Bäcklund Transformation and Linearizations of the Hénon-Heiles System

John Weiss
Center for Studies of Nonlinear Dynamics, La Jolla Institute,
8950 Villa La Jolla Drive Suite 2150, La Jolla, CA 92037, U.S.A.
and Institute for Pure and Applied Physical Science,
University of California, San Diego, La Jolla, CA 92093, U.S.A.

Abstract:

When the Hénon-Heiles system possesses the Painlevé property certain Bäcklund transformations are defined in terms of the manifold of singularities. The resulting system of equations are shown to effectively linearize the Hénon-Heiles system.A system of nonlinear ordinary differential equations is said to possess the Painlevé property when all the ``movable" singularities are simple poles [1]. Since the work of Kovalevskaya on the motion of a rigid body about a fixed point, the Painlevé property, in its various guises, has been proposed as a criterion for complete integrability [2]. Recently, it is found that: (1) the Painlevé property is a necessary condition for ``algebraically complete integrability" in terms of ``abelian functions" [3]. (2) If a system misses the Painlevé property by a certain degree (has complex or irrational ``resonances"), the system cannot be algebraically integrable [4].

Now, in [5], we showed that the Painlevé property, when formulated in terms of a ``singular manifold", has a natural extension to systems of nonlinear partial differential equations.

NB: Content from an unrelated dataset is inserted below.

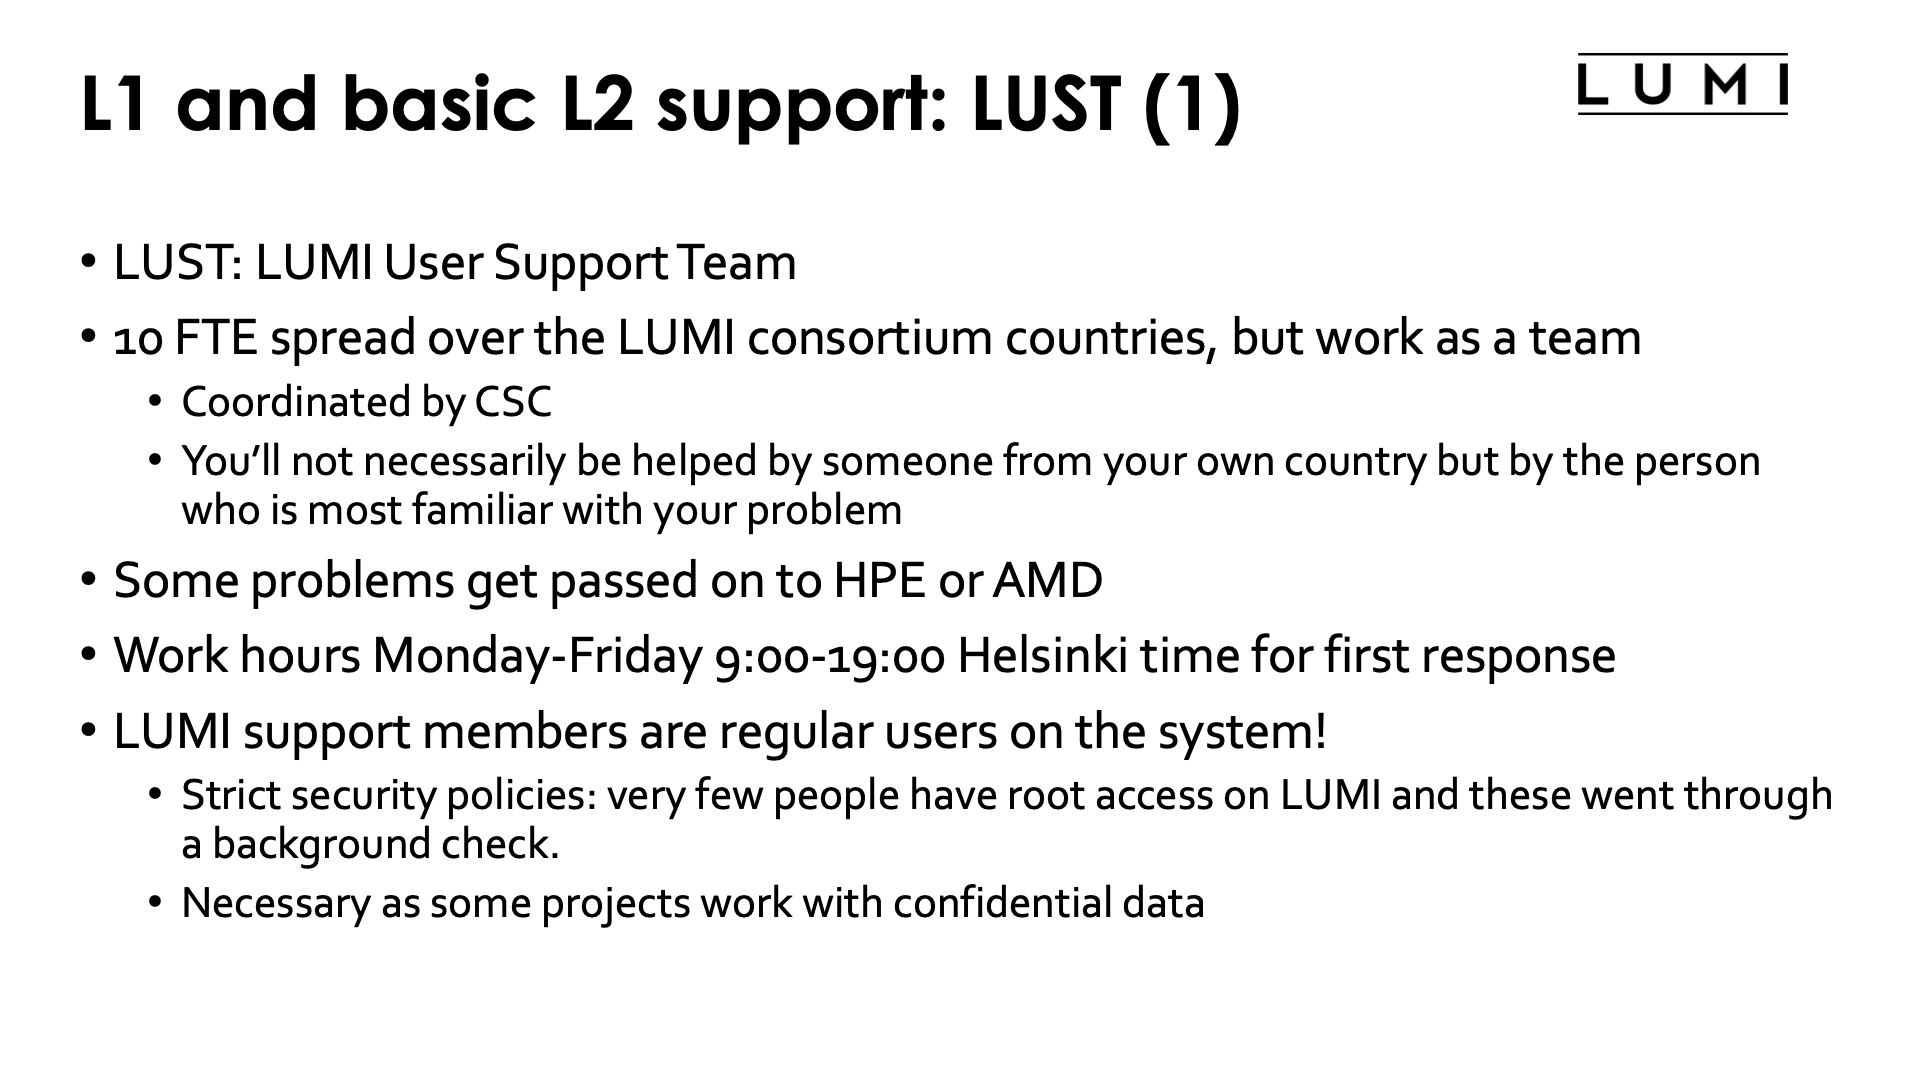 L1 and basic L2: LUST (1)

If the manifold of singularities is determined by

$$\varphi(z_1,z_2,\ldots,z_n)=0\eqno (1)$$

and $u=u(z_1,\ldots,z_n)$ is a solution of the p.d.e., then it is required that:

$$u=\varphi^{\alpha}\sum_{j=0}^{\infty} u_j\varphi^j ,\eqno (2)$$

where $u_0\ne 0$, $\varphi=\varphi(z_1,\ldots,z_n)$, $u_j=u_j(z_1,\ldots,z_n)$ are analytic functions of $z_j$ in a neighborhood of (1), and $\alpha$ is a (negative) integer. Also, the manifold (1) is assumed to be ``noncharacteristic" so that the ``single-valued" expansion (2) about the ``movable" singularity (1) will be well defined, in the sense of the Cauchy-Kovalevskaya theorem. When (2) is correct the p.d.e, is said to possess the Painlevé property, and is conjectured to be integrable.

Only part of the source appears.